----- Provided records -----

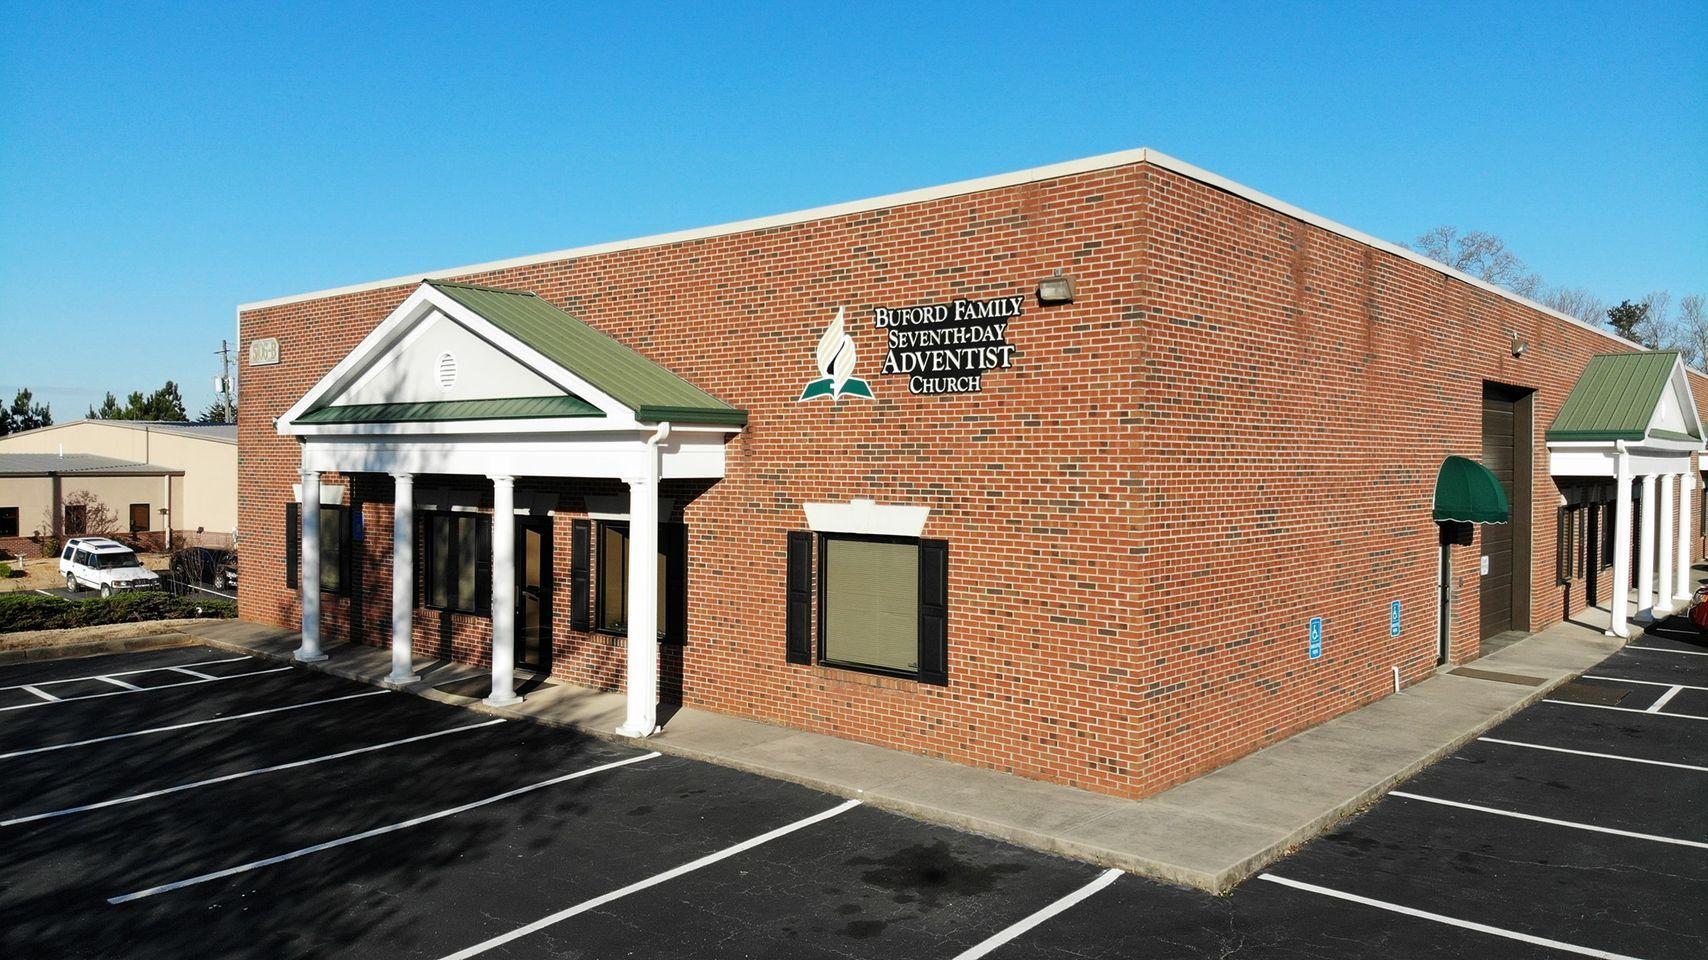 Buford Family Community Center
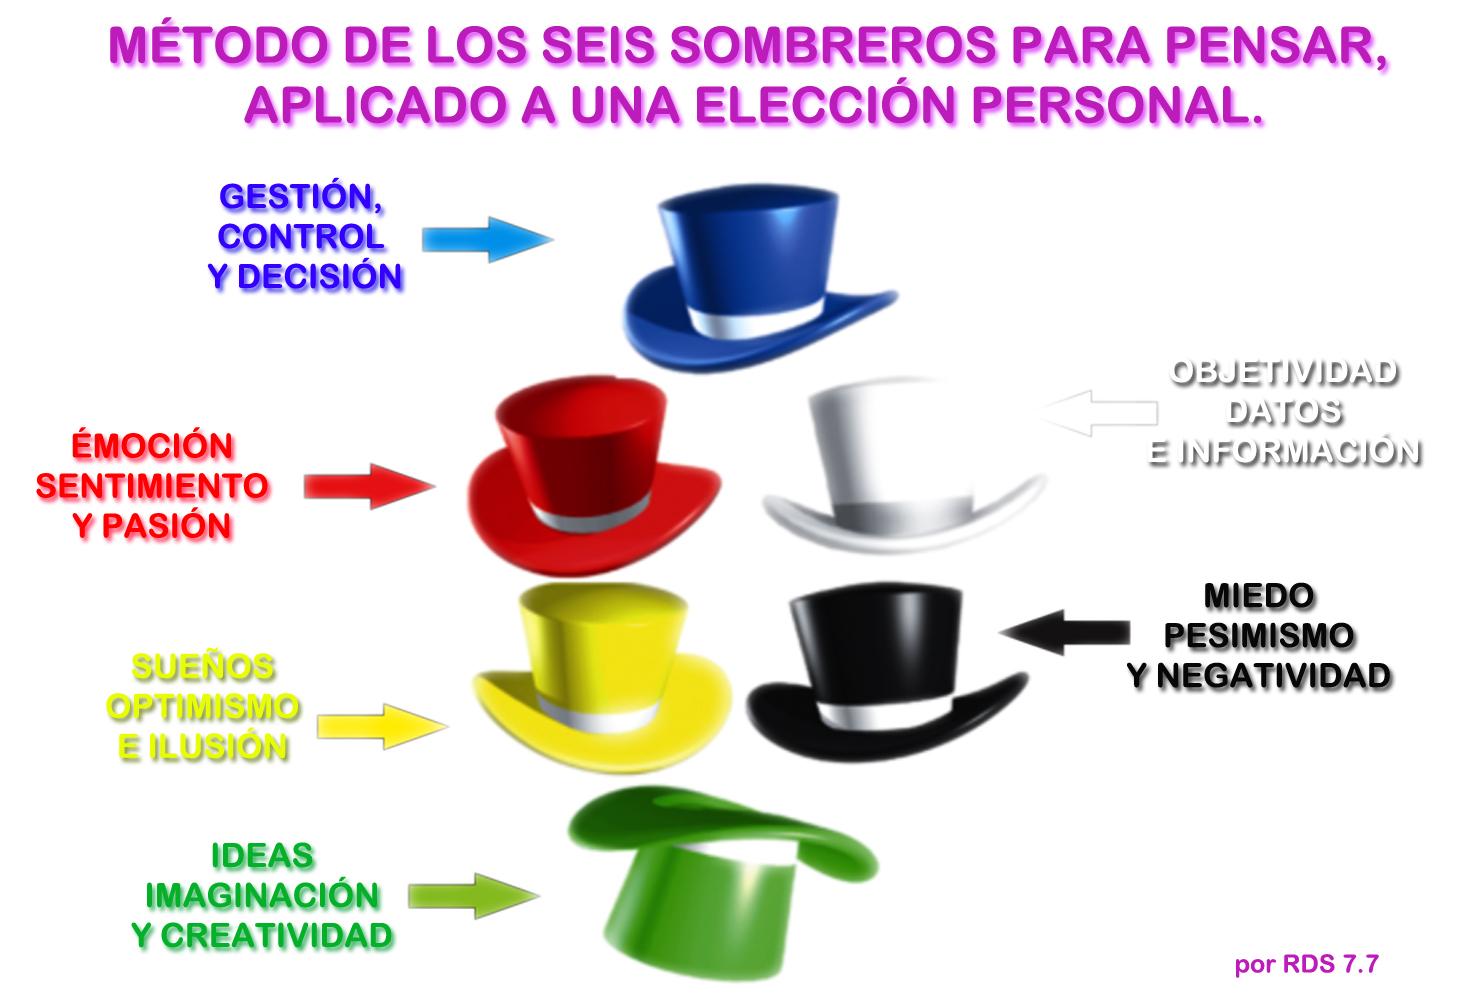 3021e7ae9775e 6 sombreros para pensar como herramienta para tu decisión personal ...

-----
----- Provided records -----

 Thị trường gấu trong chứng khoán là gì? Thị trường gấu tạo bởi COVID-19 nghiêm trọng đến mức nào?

-----
----- Provided records -----

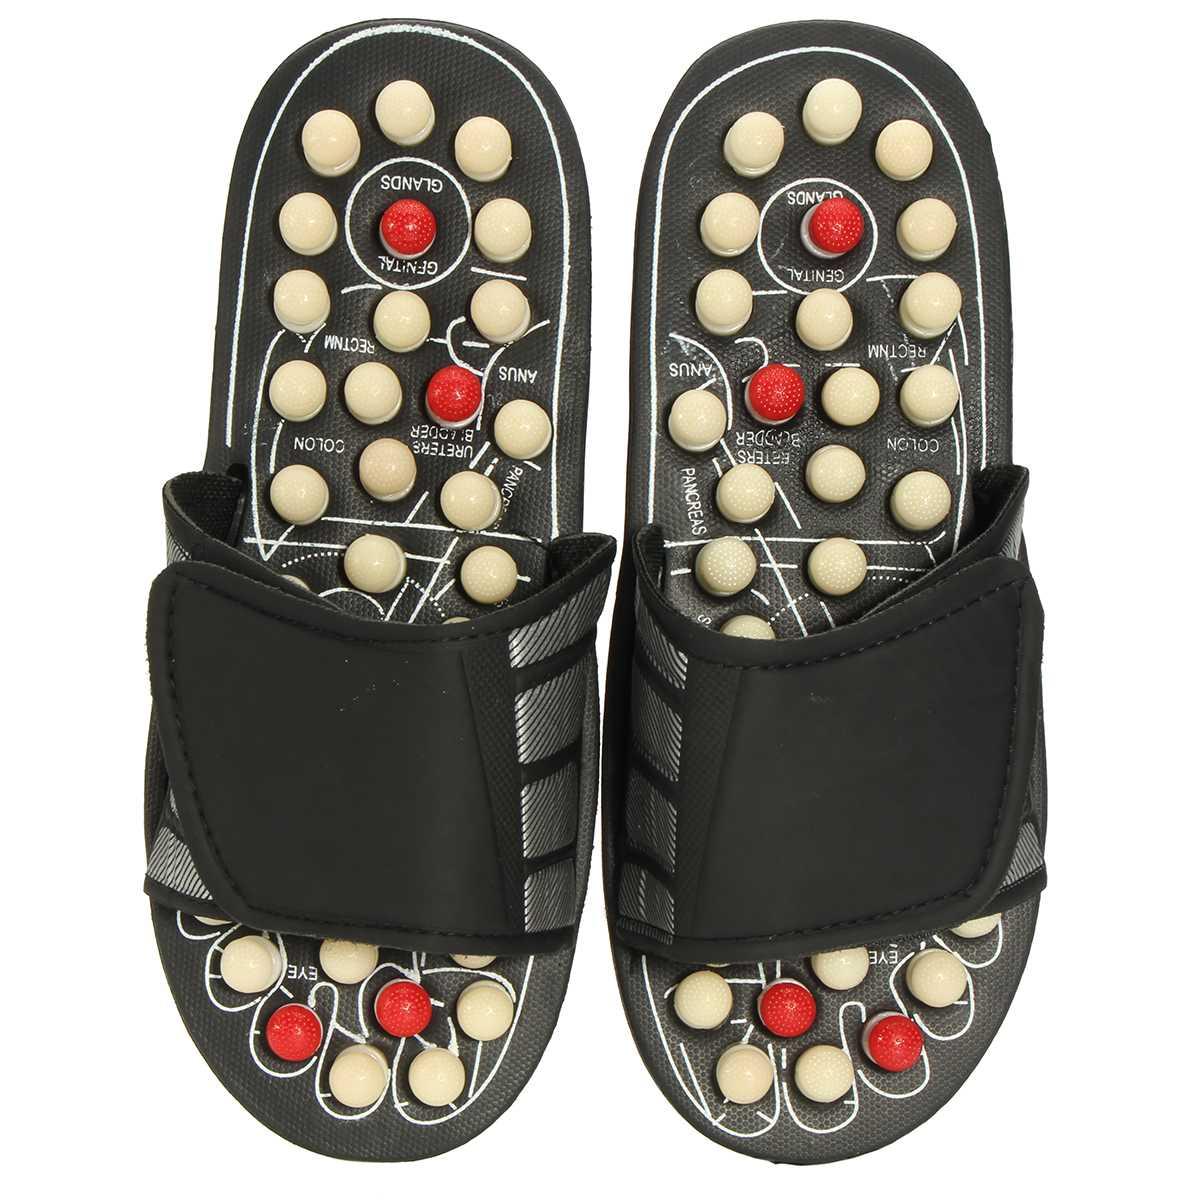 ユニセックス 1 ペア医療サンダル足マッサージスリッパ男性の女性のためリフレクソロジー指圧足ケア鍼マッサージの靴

-----

§ **Task details**
Write out the lines above from the one with "Buford Family Community Center" through the one with "3021e7ae9775e 6 sombreros", ends included, exactly; no picture goes in.

§ **Your solution**
 Buford Family Community Center
 3021e7ae9775e 6 sombreros para pensar como herramienta para tu decisión personal ...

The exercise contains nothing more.